Nancy Jurs
- Biography
Trained in traditional pottery at Rochester, New York's School for American Craftsmen, Nancy Jurs spent the first fifteen years of her artistic career creating functional raku works. In 1980, however, she began to expand the parameters of her ceramics, creating functional wall shelves, or "wall pouches," that suggested butterflies or female forms. These pieces were soon replaced by "blouses" that Jurs considered emblematic of women's bodies and spirit.
The relationship of the clothing-inspired pieces to Greek and Roman draped sculpture led Jurs to experiment with larger-than-life-size sculptural forms that suggest goddesses, women, and animals.
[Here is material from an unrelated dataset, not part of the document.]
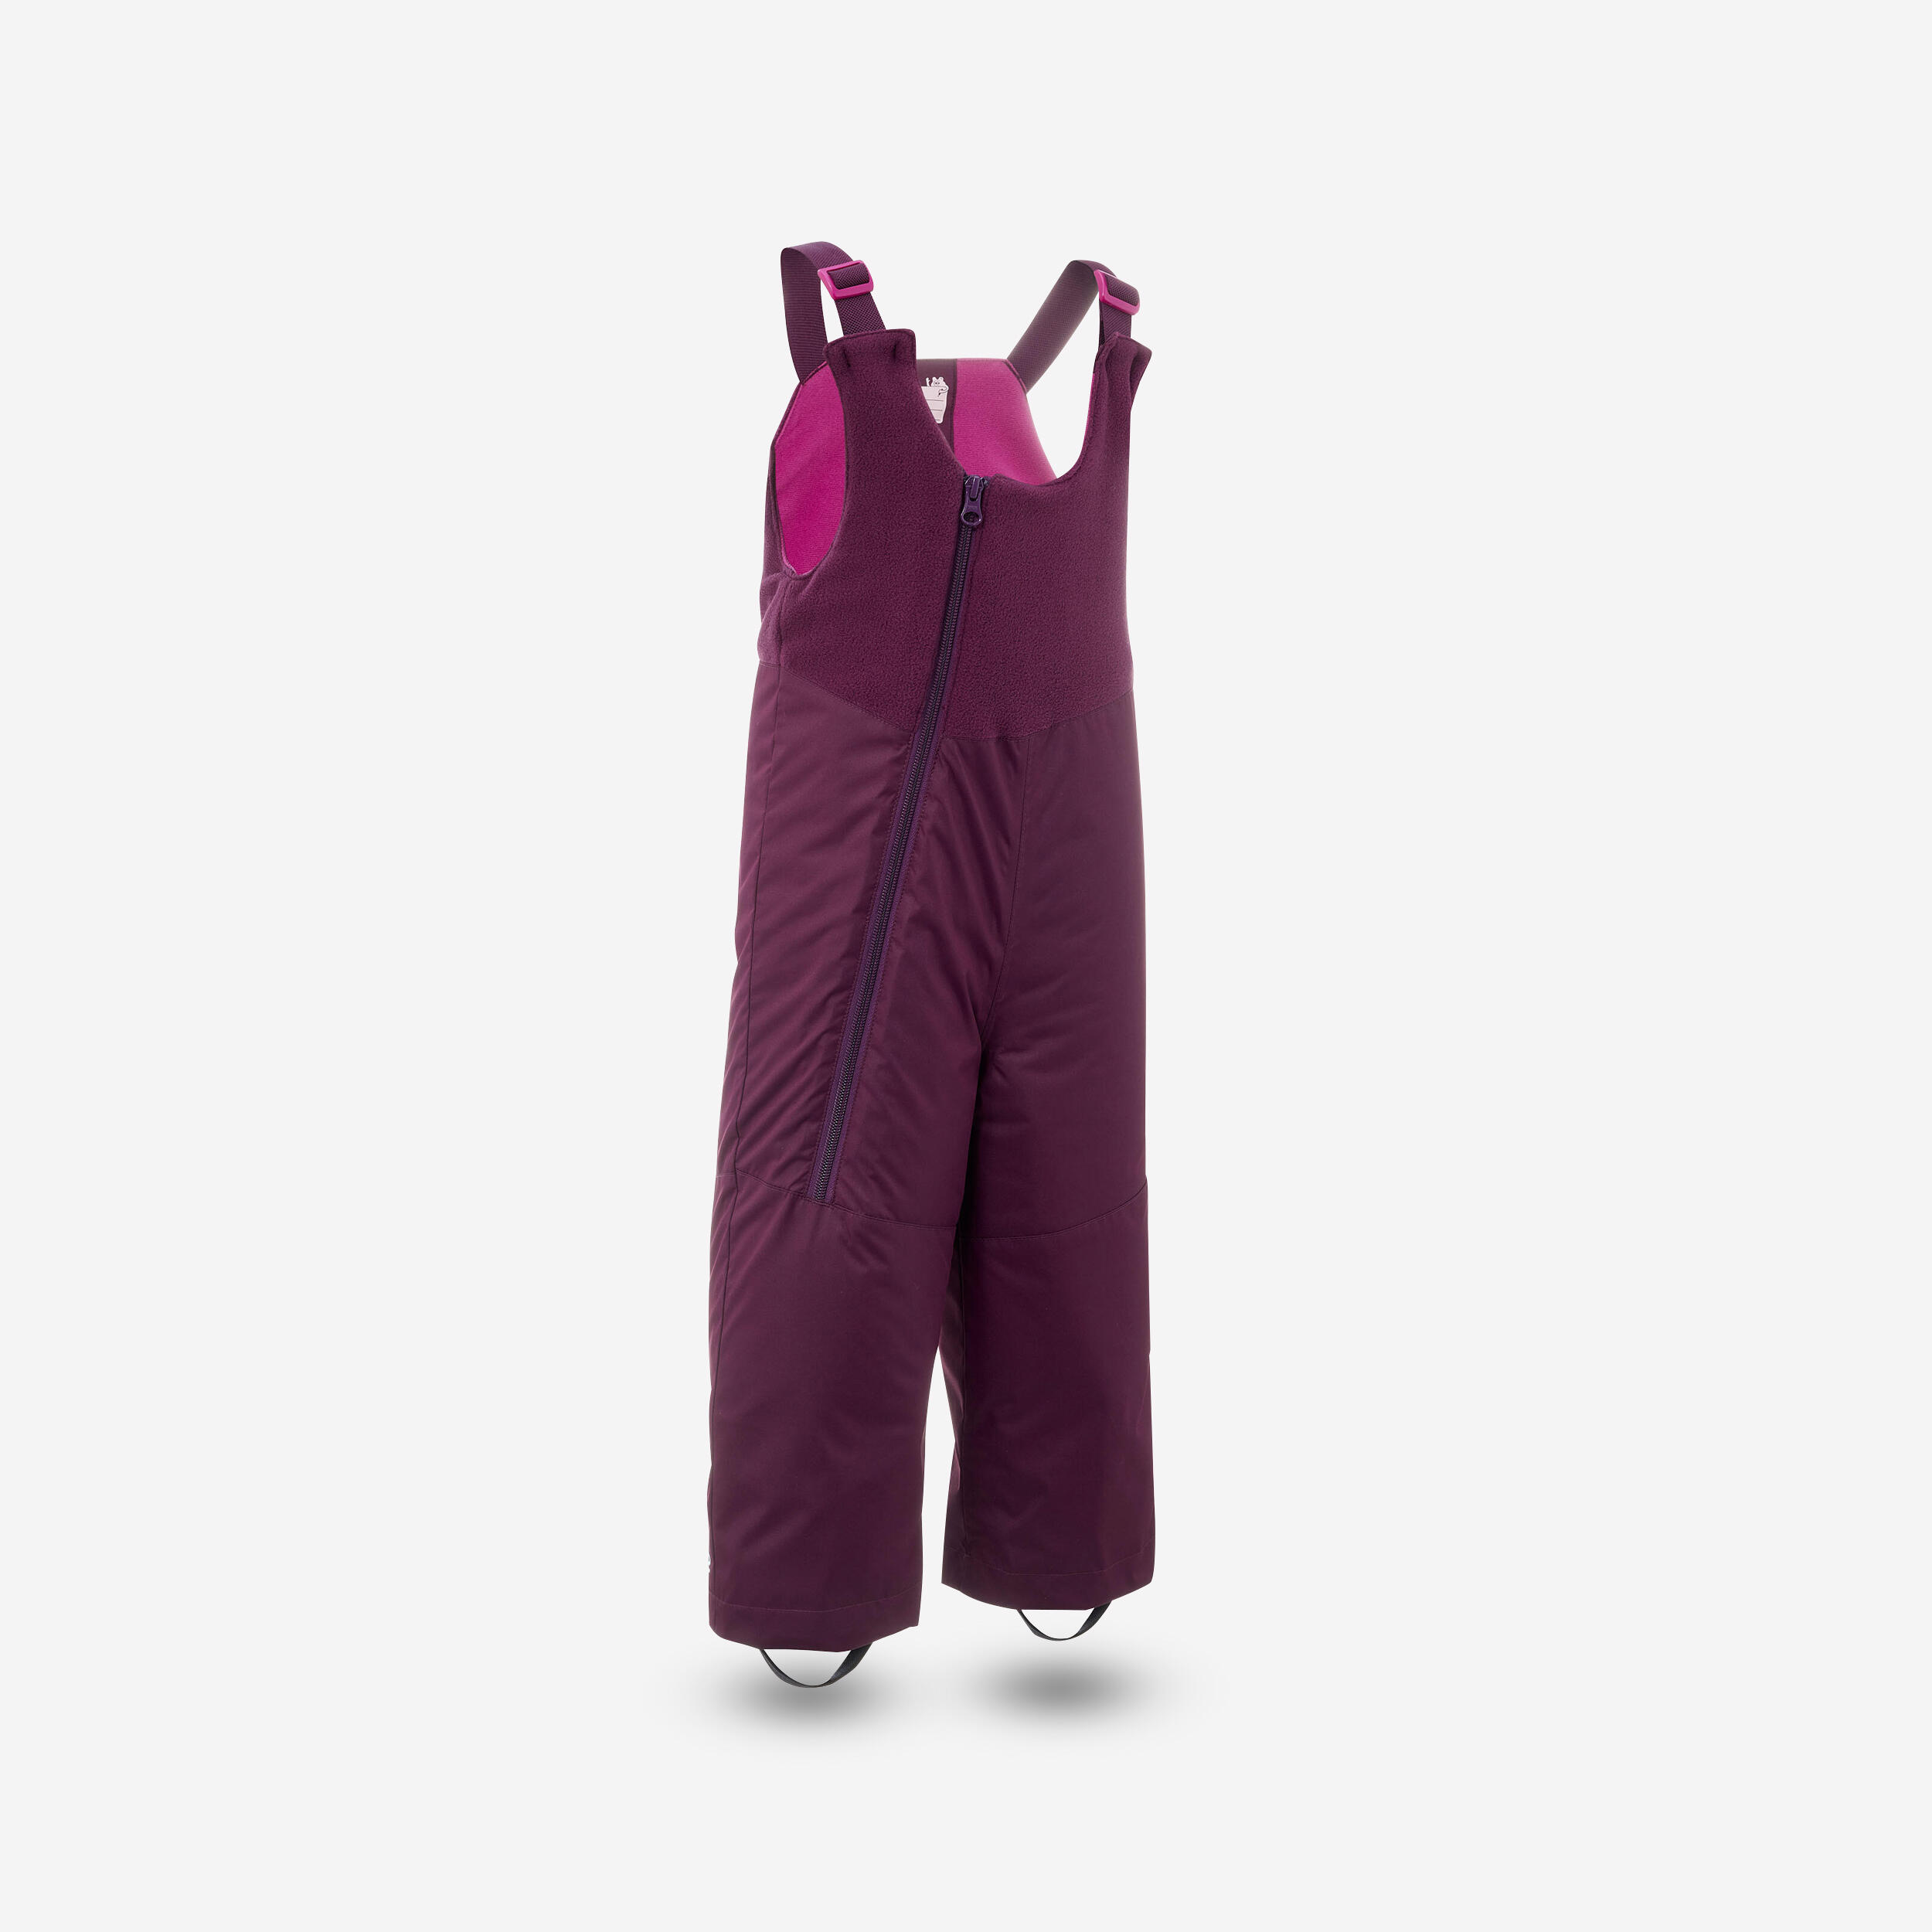 salopette ski bébé chaude - 500 warm - violette - wedze

The emotionally expressive clay shapes are hand-built or wheel-thrown and are glazed, painted with acrylics, or finished with any combination of techniques that appeals to the artist. "Where all my work was once a many-faceted female expression," Jurs has said, "it now appears to be much more about women in emergence—a growing out, rising above, or hatching from other forms and constraints."
National Museum of American Art (CD-ROM) (New York and Washington D.C.: MacMillan Digital in cooperation with the National Museum of American Art, 1996)
- Luce Artist Biography
Nancy Jurs is the third generation of women artists in her family. After training at the Rochester Institute of Technology, she married artist Wendell Castle, who works primarily with wood. Her early work focused on sculpting hollow vessels in the shape of the female torso. These open forms responded to the artists personal issues regarding childbirth and the need to be fulfilled by a husband and family. In the 1990s, Jurs's children were grown and leaving home, and she entered into a highly creative period. These radical changes in her life inspired her to alter her sculptural style, creating solid forms with an interest in the limitless possibility of what they could evolve and grow into.